The FDA’s new regulations may hasten this trend. Some have contended that the high cost of the new premarket approval process (required for e-cigarettes introduced after February 15, 2007) will force smaller firms and vape shops out of the market (Reuters, 2016).

An e-cigarette market concentrated among larger tobacco companies may pose a very different concern than the more diffused pre-2012 market. Specifically, companies marketing both conventional and electronic cigarettes will internalize the costs and benefits of between-product spillovers in consumer demand, including those resulting from the products’ shared addictive substance (i.e., nicotine). Profit-maximizing behavior could look quite different in this context than for e-cigarette-only firms. To the extent that such spillovers can be encouraged through product positioning or marketing (e.g., advertising a particular brand of conventional cigarettes as the more “adult” version of a corresponding e-cigarette brand), large tobacco companies in the e-cigarette market may have incentives to act in a way that runs counter to public health.

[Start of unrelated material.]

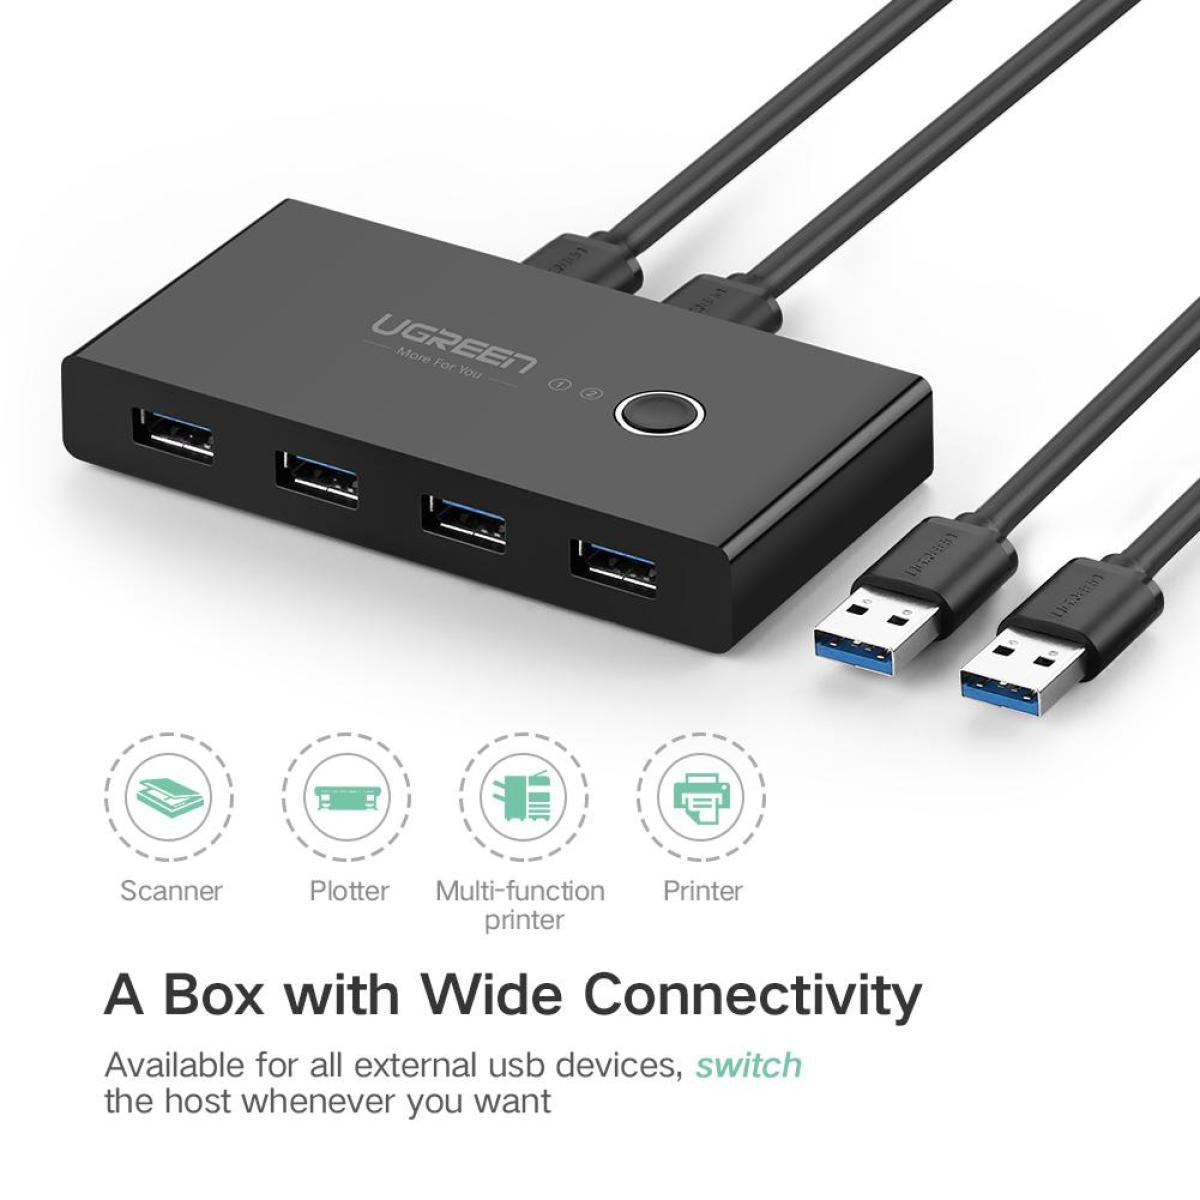 UGREEN US216 2 In 4 Out USB 3.0 Sharing Switch Box

On the other hand, to the extent that regulations make e-cigarettes more profitable than conventional cigarettes (e.g., due to the latter product’s high tax rate), the large tobacco companies’ entry into the e-cigarette market could offer a novel opportunity. Policymakers may be able to negotiate more restrictive policies for conventional cigarettes in exchange for more lenient e-cigarette regulations.
If the tobacco and e-cigarette lobbies are willing to support such tradeoffs, the supply side of this market could be an agent to shift consumers away from the riskiest tobacco products.

More work is needed to understand the new regulations’ likely effects on supplier behavior, including how firm-level incentives differ between different types of e-cigarette producers. Concurrently, established findings on consumer behavior may need to be updated as this market’s firms, specific products, and regulations evolve. To the extent that research can guide policymakers towards regulations that bring tobacco companies’ profit maximizing strategies in line with public health interests, work in this arena has the potential to, quite literally, save lives.